I think of the svc_tcp_has_wspace checks as solving a problem of
fairness between clients.  If we only had one client, everything would
work without them.  But when we have multiple clients we don't want a
single slow client to be able to tie block every thread waiting for that
client to receive read data.  Is that accurate?

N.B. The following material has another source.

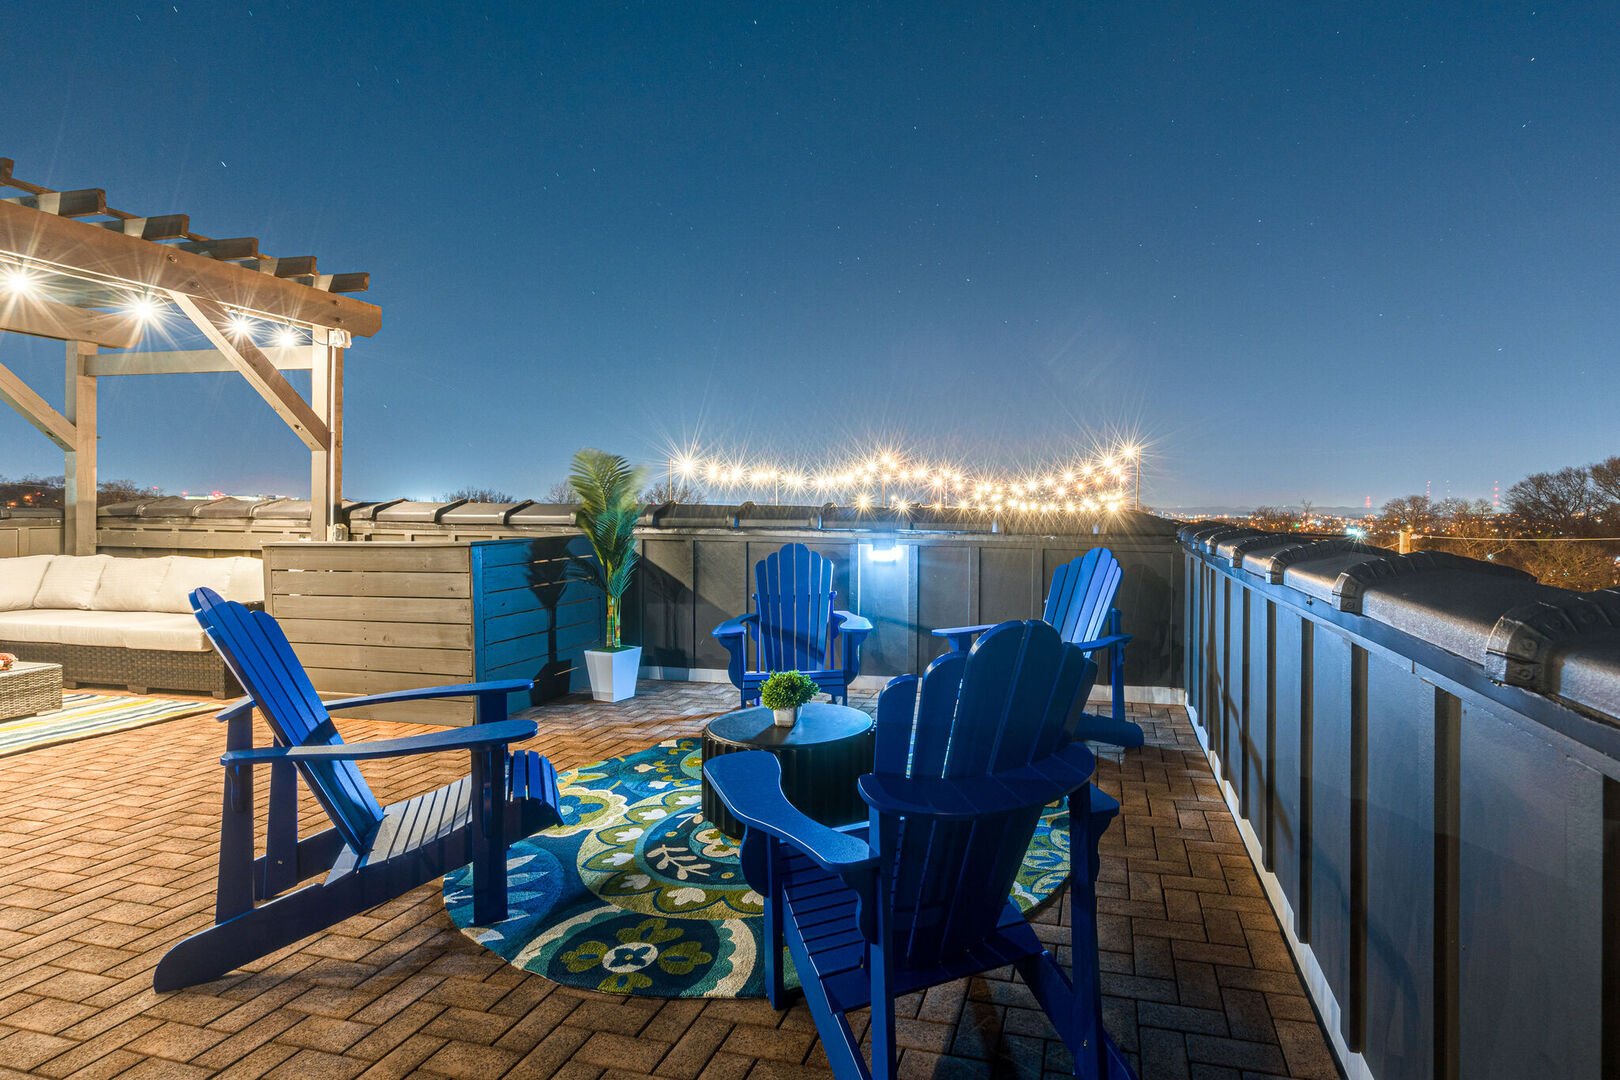 UPPER DECK with hot tub, lounge chairs and views

> > > The server starts out with a large estimate of the reply space (1M) and for
> > > NFSv3 and v2 it quickly adjusts this down to something realistic.  For NFSv4
> > > it is much harder to estimate the space needed so it just assumes every
> > > reply will require 1M of space.
> > > 
> > > This means that with NFSv4, as soon as you have enough concurrent requests
> > > such that 1M each reserves all of whatever window size was auto-tuned, new
> > > requests on that connection will be ignored.
> > >
> > > This could significantly limit the amount of parallelism that can be achieved
> > > for a single TCP connection (and given that the Linux client strongly prefers
> > > a single connection now, this could become more of an issue).
> > 
> > Worse, I believe it can deadlock completely if the transmit buffer
> > shrinks too far, and people really have run into this:
> > 
> > 	http://mid.gmane.org/<20130125185748.GC29596@fieldses.org>
> > 
> > Trond's suggestion looked at the time like it might work and be doable:
> > 
> > 	http://mid.gmane.org/<4FA345DA4F4AE44899BD2B03EEEC2FA91833C1D8@sacexcmbx05-prd.hq.netapp.com>
> > 
> > but I dropped it.
> 
> I would probably generalise Trond's suggestion and allow "N" extra requests
> through that exceed the reservation, when N is related to the number of idle
> threads.  squareroot might be nice, but half is probably easiest.
> 
> If any send takes more than 30 seconds the sk_sndtimeo will kick in and close
> the connection so a really bad connection won't block threads indefinitely.
> 
> 
> And yes - a nice test case would be good.
> 
> What do you think of the following (totally untested - just for comment)?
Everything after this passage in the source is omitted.